Transitioning to Emphysema

  • Chronic bronchitis can progress into emphysema, where patients are termed "pink puffers" due to their appearance when breathing becomes labored.
  • Emphysema involves atelectasis—the collapse of alveoli—leading to reduced lung surface area for gas exchange.

Key Differences Between Conditions

  • The primary difference between chronic bronchitis and emphysema lies in the structural changes within the lungs; emphysema leads to alveolar destruction while chronic bronchitis primarily causes inflammation.

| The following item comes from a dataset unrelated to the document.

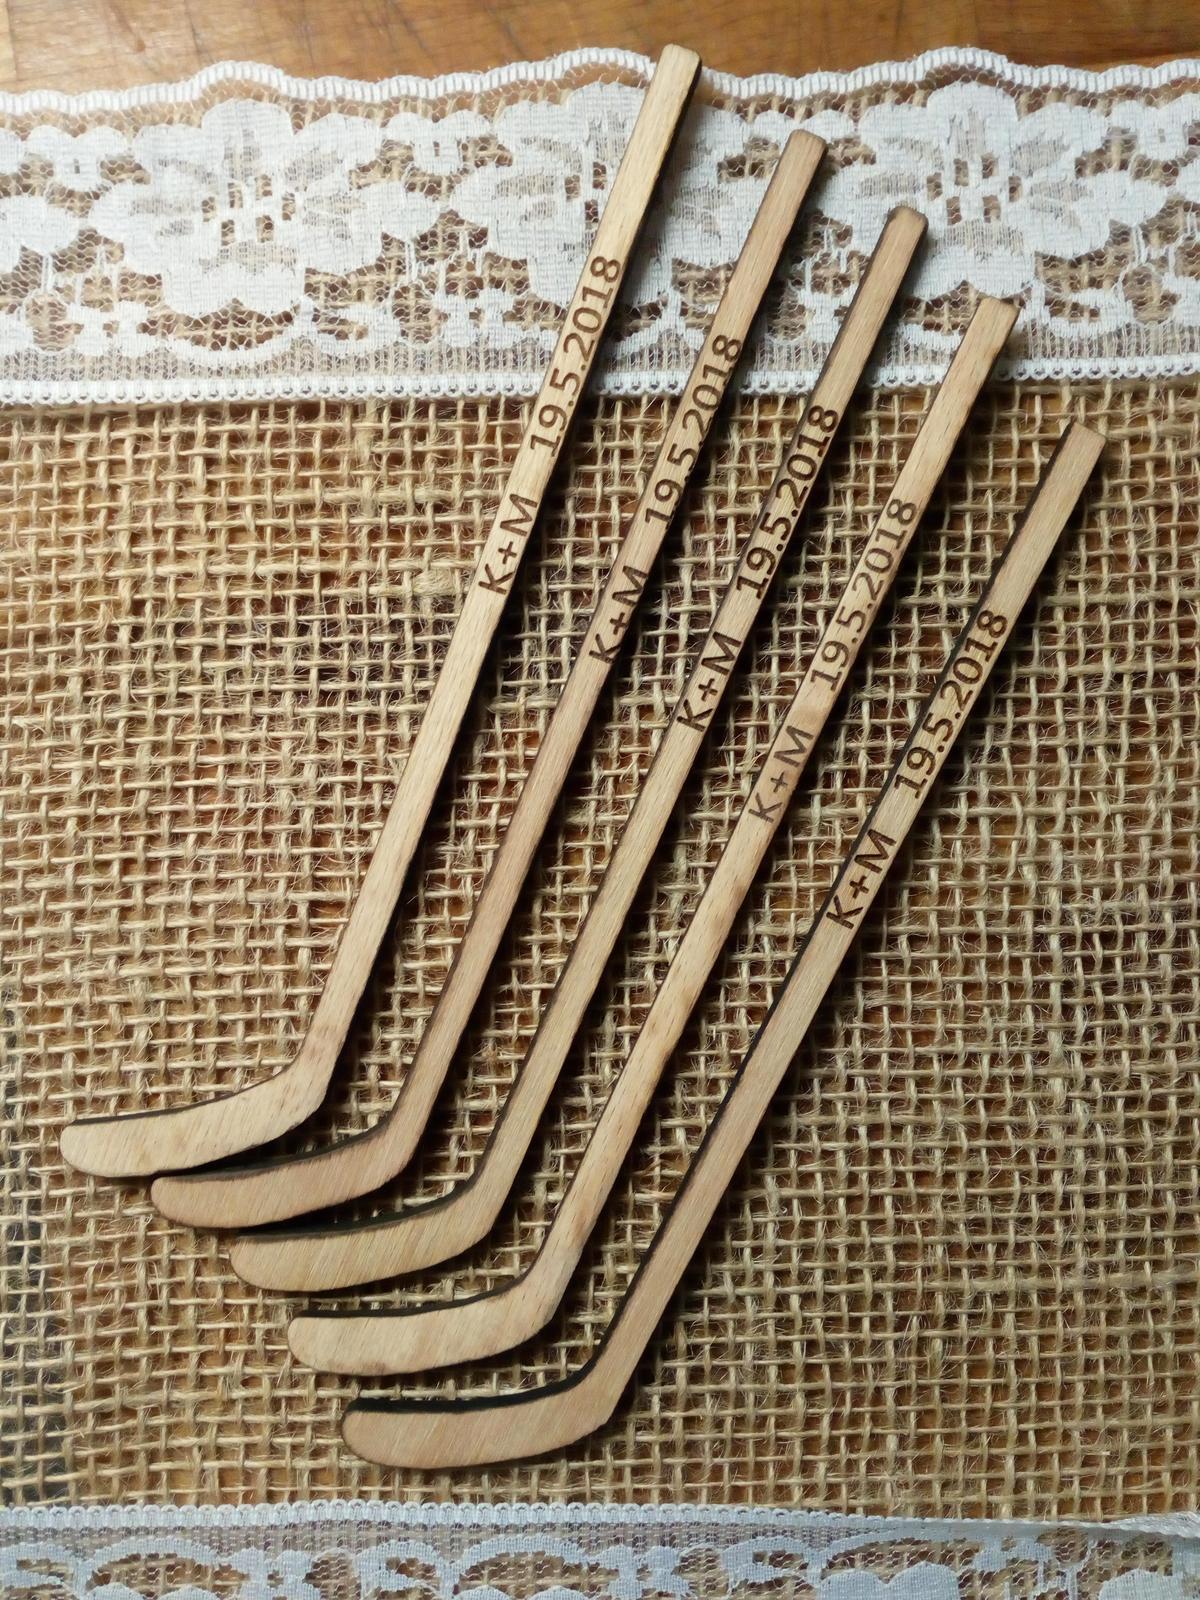 Jmenovka hokejka, dekorace na hokejovou svatbu - Obrázek č. 2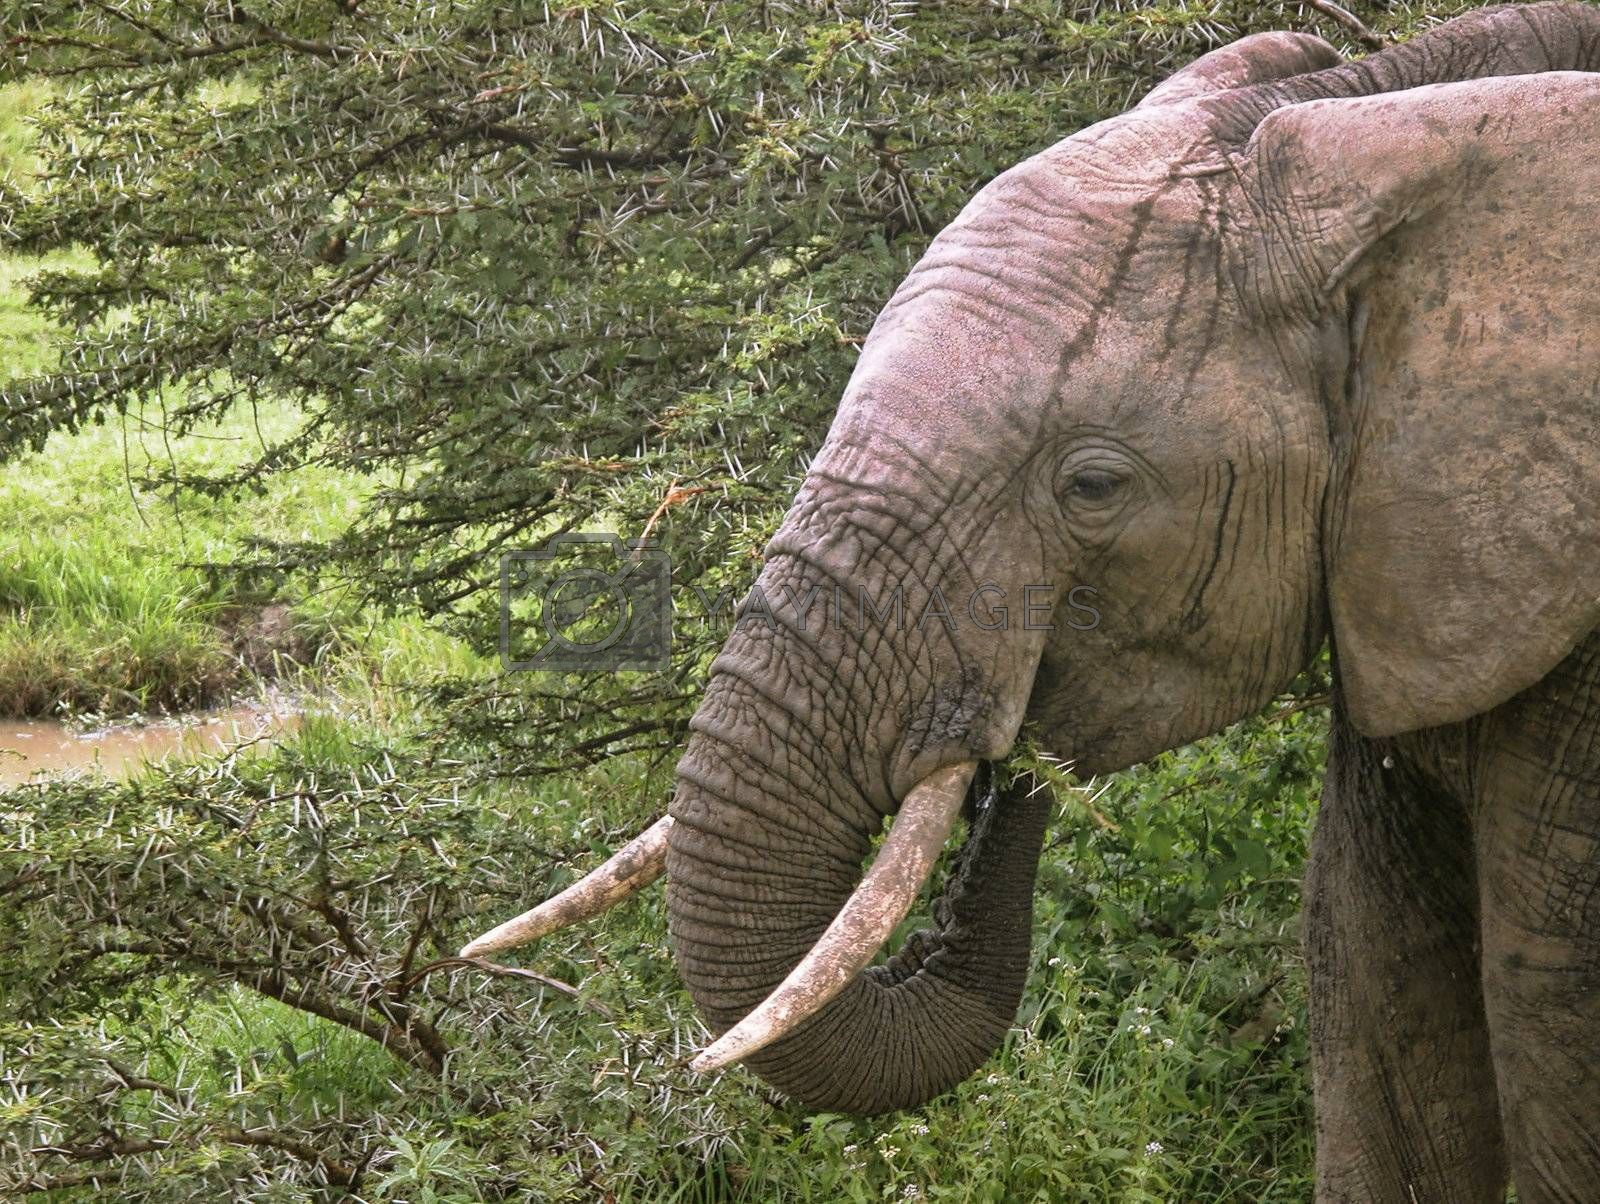 Detail of Kenya, Africa during Spring 2005 by jovannig

Hypoxic Drive in COPD Patients

Understanding Respiratory Issues and EMT Response

The Role of Secondary Muscles in Breathing

  • Discussion on the use of secondary muscles during breathing, highlighting visible muscle tension when a person struggles to breathe.
  • Introduction of cyanosis as a sign of respiratory distress, with mention of "barrel chest" as an interesting phenomenon related to chronic respiratory issues.
  • Explanation that consistent weightlifting leads to muscle growth; similarly, individuals with barrel chests develop large chest muscles due to excessive effort in breathing.
  • Emphasis on the unhealthy development of these muscles over time due to chronic respiratory strain.

Identifying Dyspnea and Its Implications

  • Definition of dyspnea (difficulty in breathing), contrasting it with apnea (inability to breathe); noting that patients may only be able to speak one or two words before needing a breath.
  • Importance for EMTs to focus on patient observations rather than distractions; recognizing signs of respiratory issues is crucial for effective care.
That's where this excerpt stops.